- **Directions for this task**
Reproduce the data below exactly. Skip the pictures.

- **Dataset content**
* * * * *

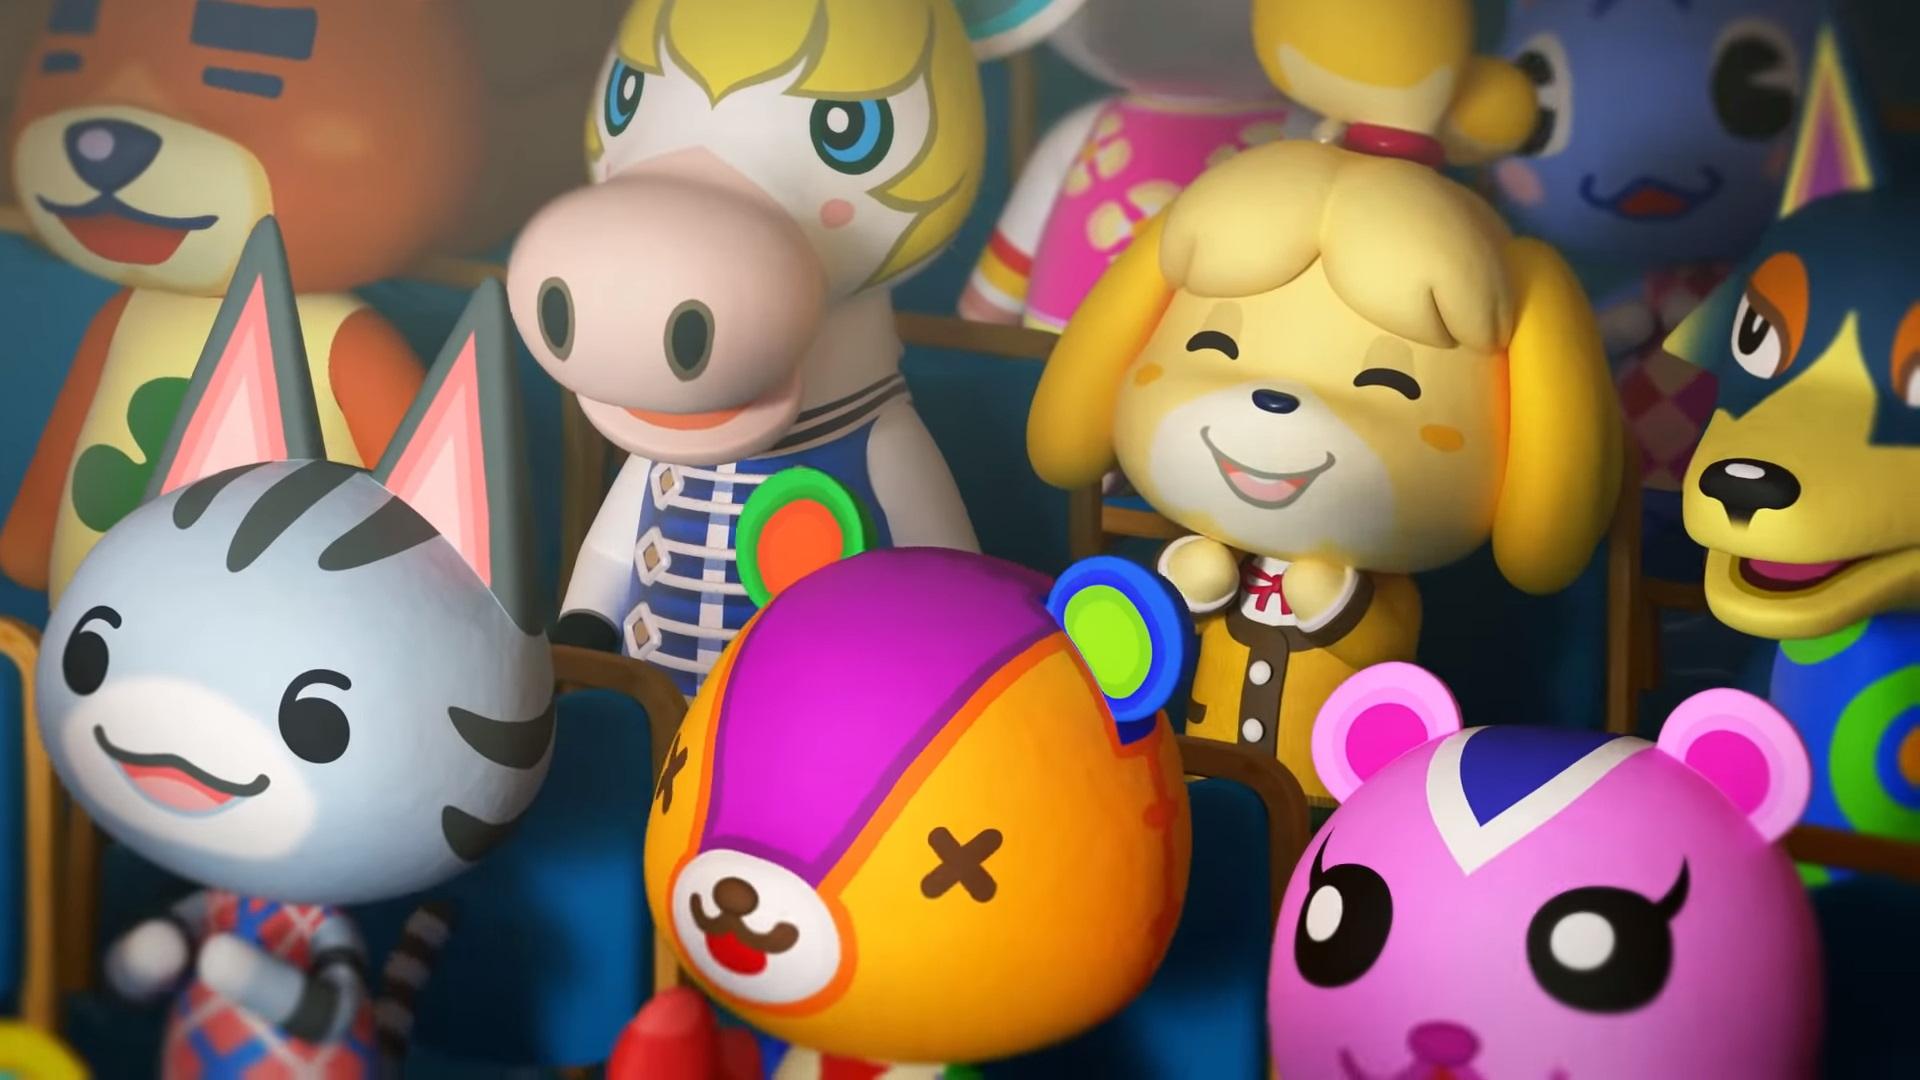 Animal Crossing: New Horizons First-Week Sales GEO Japan
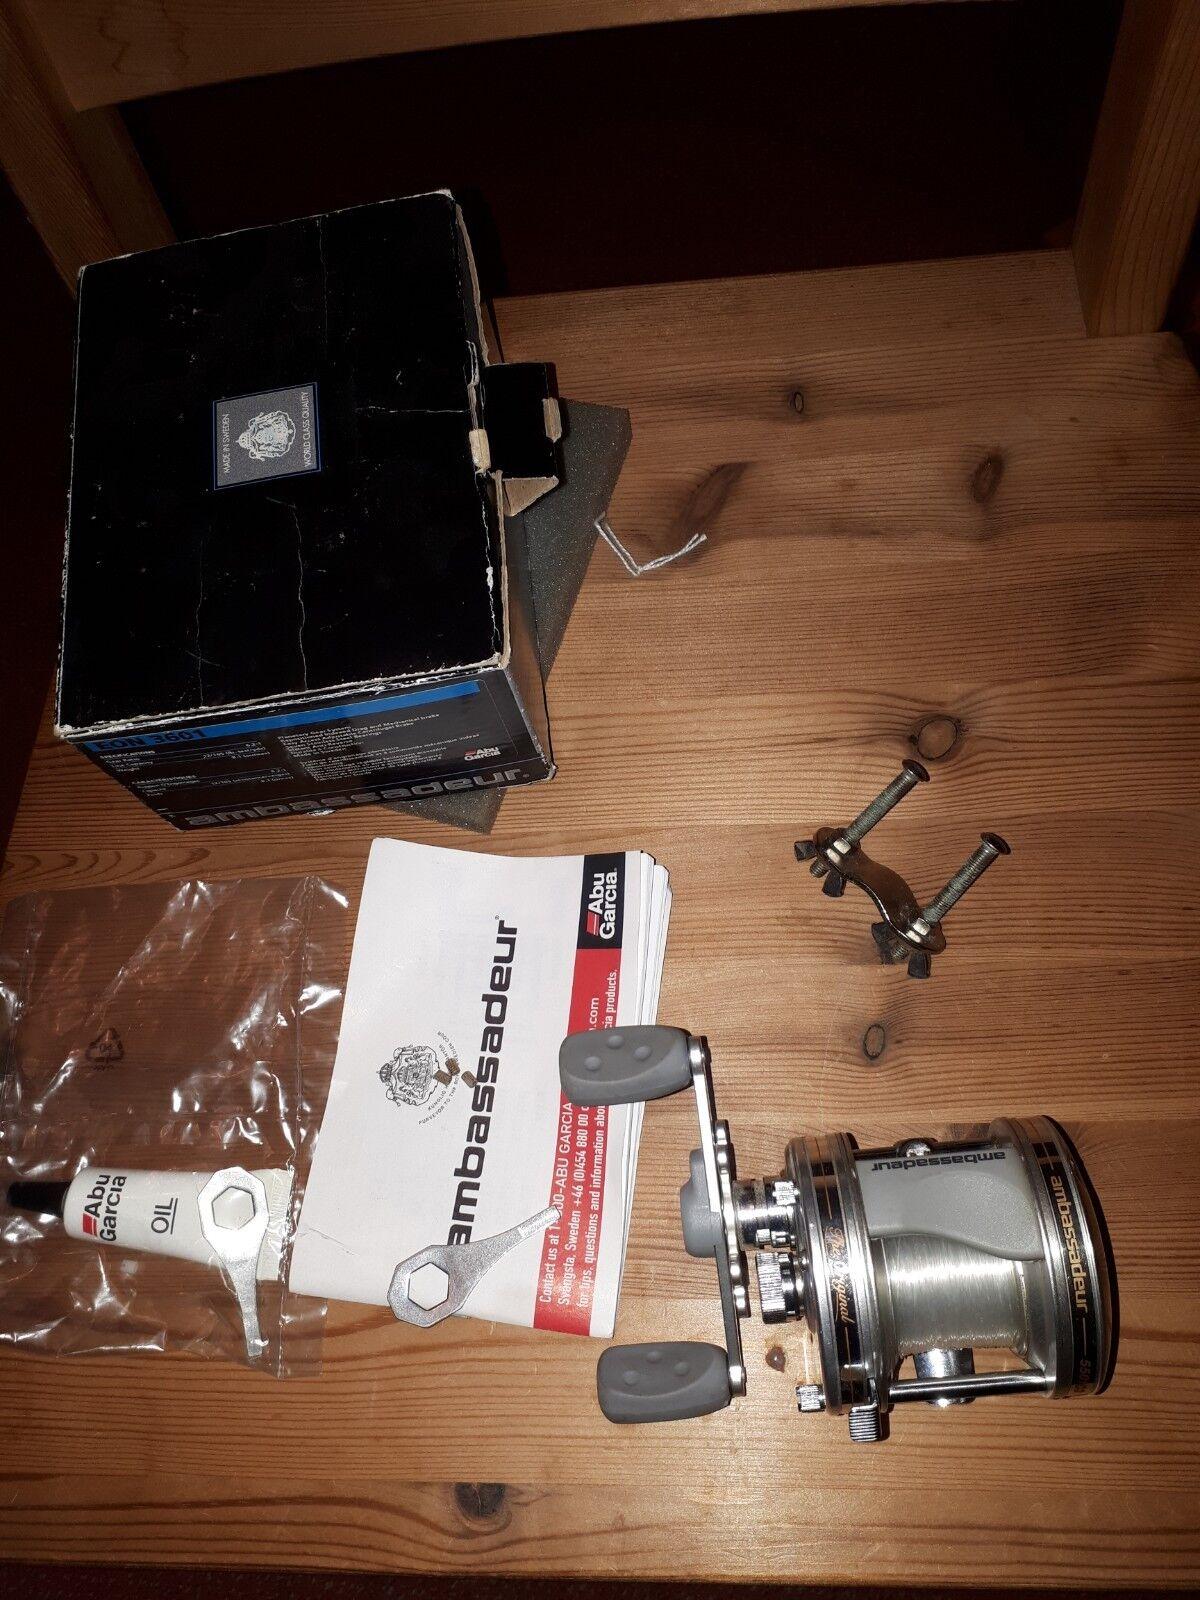 Abu  Ambassadeur 5501 mit Papiere und Werkzeug No.010715 19  quality guaranteed
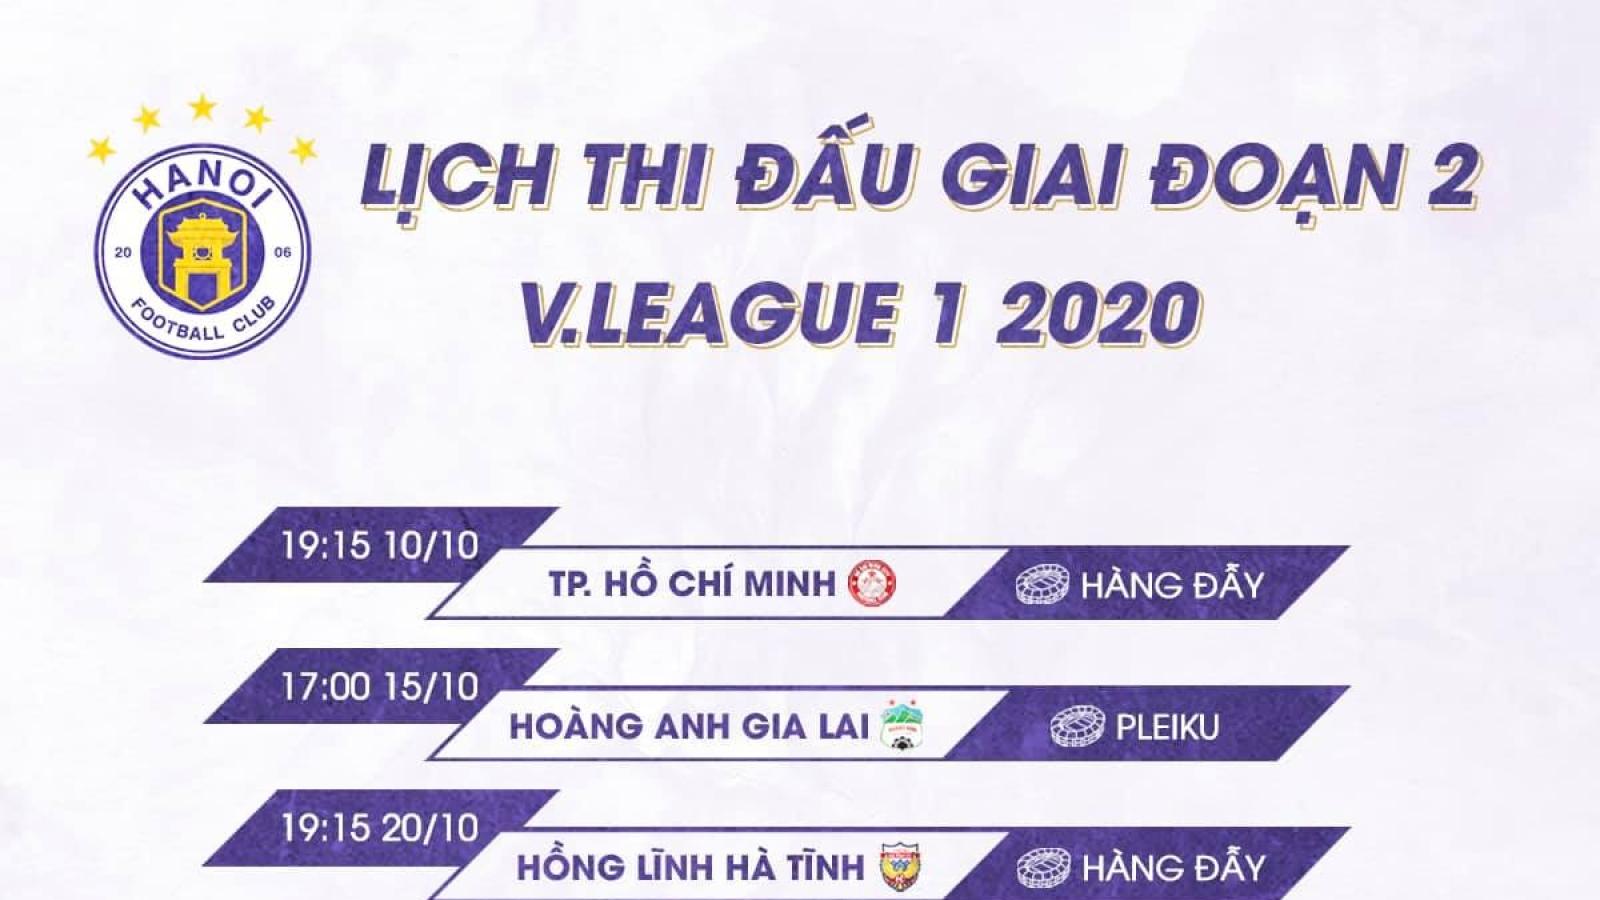 Hà Nội FC được hưởng lợi vì lịch thi đấu giai đoạn 2 V-Leguea 2020
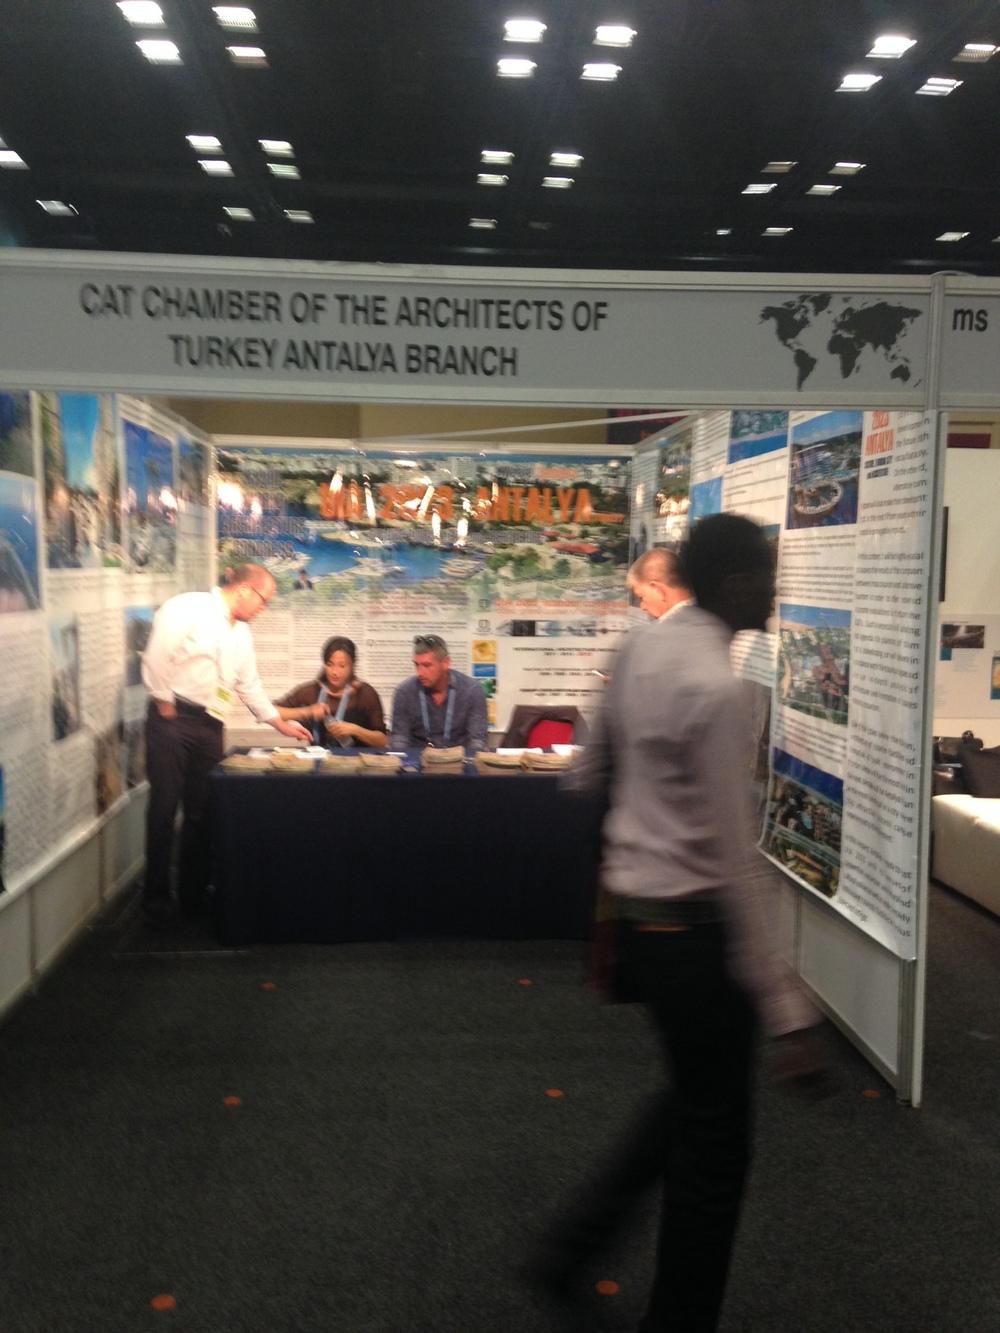 2023 UIA Dünya Mimarlık Kongresi aday adayı MO Antalya Şubesi standı

* * * * *

- **Solution for this problem**
 Animal Crossing: New Horizons First-Week Sales GEO Japan
 Abu  Ambassadeur 5501 mit Papiere und Werkzeug No.010715 19  quality guaranteed
 Hà Nội FC được hưởng lợi vì lịch thi đấu giai đoạn 2 V-Leguea 2020
 2023 UIA Dünya Mimarlık Kongresi aday adayı MO Antalya Şubesi standı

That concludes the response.